There are three versions of the algorithm based on speed setting of rav1e. Detailed description of each version is down below.
- Fast version - pixel-based version with improved threshold.
- Corresponds to speed level 10 of ravie
- Performs a downsampling
- Medium version - based on motion vectors with iproved threshold.
- Corresponds to speed level 7-9 of ravie
- Slow version - histogram metric with block-based approach.
- Corresponds to speed level 0-6 of ravie
|Version||F score on BBC Planet Earth||F score on open source videos|
|New fast version||0.7441||0.6652|
|Old fast version||0.6543||0.5951|
|New medium version||0.7802||0.7032|
|New slow version||0.9217||0.7504|
|Old slow version||0.7024||0.5628|
So the F score of the fast version is improved by 0.0898 on BBC and 0.0701 on open sorce videos.
So the F score of the slow version is improved by 0.2193 on BBC and 0.1876 on open sorce videos.
- Fast version is a simple calculation of the pixel-wise difference. For each corresponding pixel the difference of values is taken and summed up. The final dissimilarity metric is the average values of all pixels. I improve the old version by adjusting threshold and modifying the metric itself by calculating numerical differentive.
- Medium version is improved version of the old slow version with adaptive threshold. To build dissimilarity metric motion vectors between two consecutive frames are computed. Frames are divided into blocks and each block on the second frame is shifted by motion vector. Dissimilarity metric is the average difference between all blocks. I improve the old version by adjusting threshold and modifying the metric itself by calculating numerical differentive.
- Slow version block-based histogram metric. Frames are divided into non-overlapping blocks. Then the mean value of this histogram is calculated and compared with the value of the corresponding block. Dissimilarity metric is the average difference between all blocks.

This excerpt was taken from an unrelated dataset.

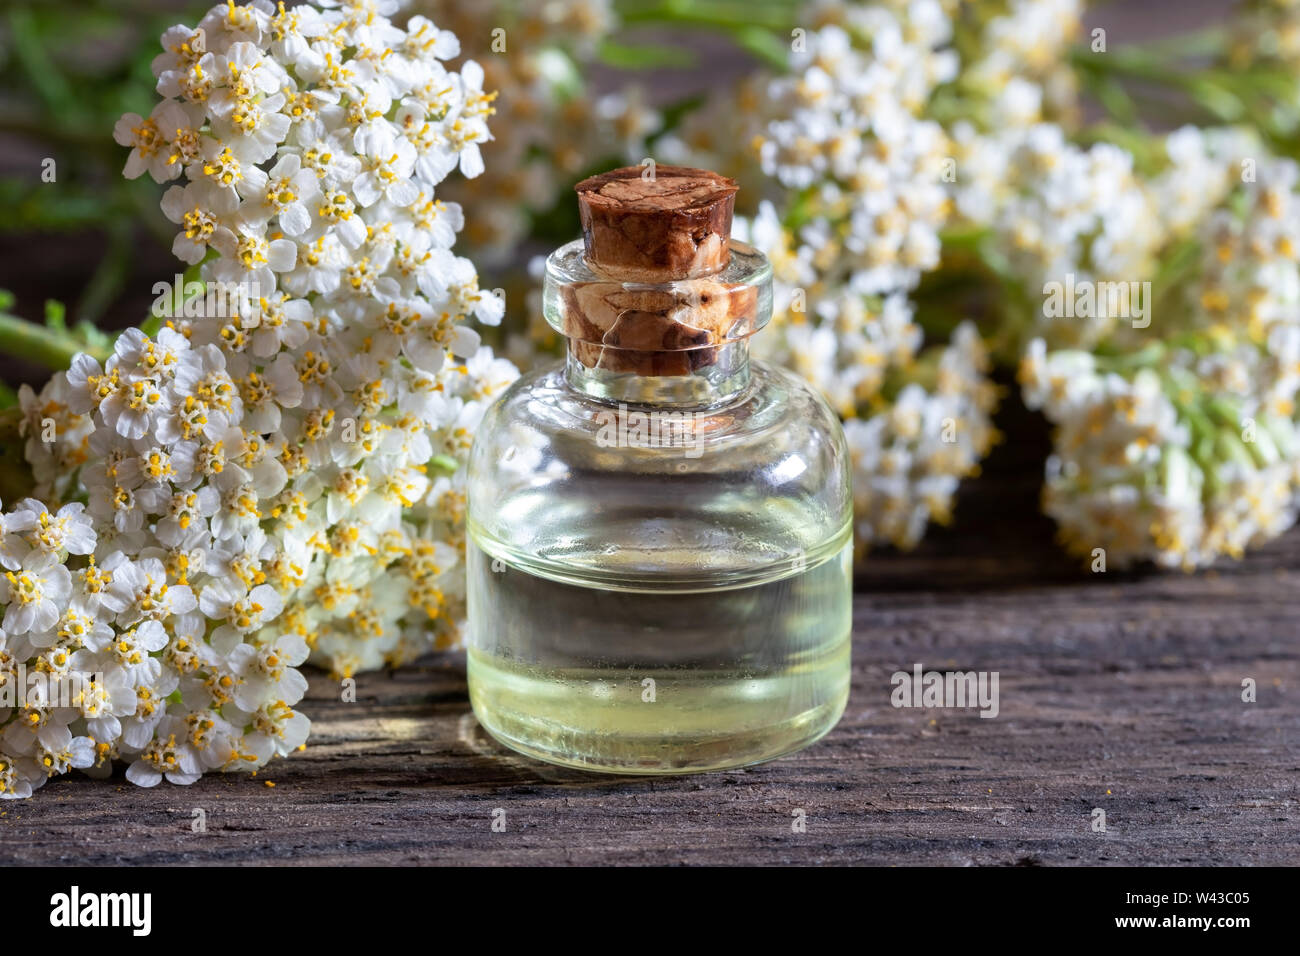 A bottle of essential oil with fresh blooming yarrow plant Stock Photo

Detailed analysis can be seen here:
|Version||Average FPS on BBC Planet Earth (360x288)||Average FPS on open source videos (1280x720)|
Here I want to show how I improved metric values in all version from the old ones.
Blue line represent values of algorithm's metric on frames, orange - threshold, gray lines represent if algorithm marked this frame as scene change.
Here is the example of the outcome on one of the videos:
The top picture shows original metric values, the bottom one shows metric after improvement.
You can see that the peaks with the scene changes became more distinct, so the threshold is easier to tune.
Here is a list of ideas that I implemented, but they turned out to be impractical:
- Slow version with motion vectors
- Each block is shifted by motion vectors. It slowed down algorithm even more and decreased F score.
- Combining medium version with the slow one
- The idea was to marked frames as scene change if one of version said so. Again, it slowed down algorithm and did not bring any gain to F score.
- Separate metric for flashes
- I implemented a few metrics for flashes detection and deployed them. But ofted flashes occurs several frames in a row and and contains scene change. Because of this it is difficult for algorithm to decide if these flashes contains scene change or not.
- Possible dependency on metric values (maximum value on past frames, mean and std values). Current threshold can perform worse then static threshold in some cases. The example is on the picture. It can be seen that threshold varies around the same value. If it took into account the mean value of past frames, for example, it would be more accurate:
- Version based on edge detection
- It can be useful to take into accound another feature of frames - object edges. Combining with existing versions it can boost F score
- Adjusting metric values according to nearest values. For example, by substructing the mean value of surrounding frames.
- Block-based metric improvement
- It may be useful to experiment with the blocks individually rather than just taking the mean value of all them all. For example, if difference between k blocks is near zero algorithm should'n mark this frame as scene change no matter what other blocks has. Or if k blocks have difference about maximum of possible value algorithm mark this frame as scene change no matter what other blocks has.
- Dowsampling for medium and slow versions:
- For videos with high resolution it may be considered to dowsample them to HD or so. This will significantly increase the speed, but will have a small impact on F score.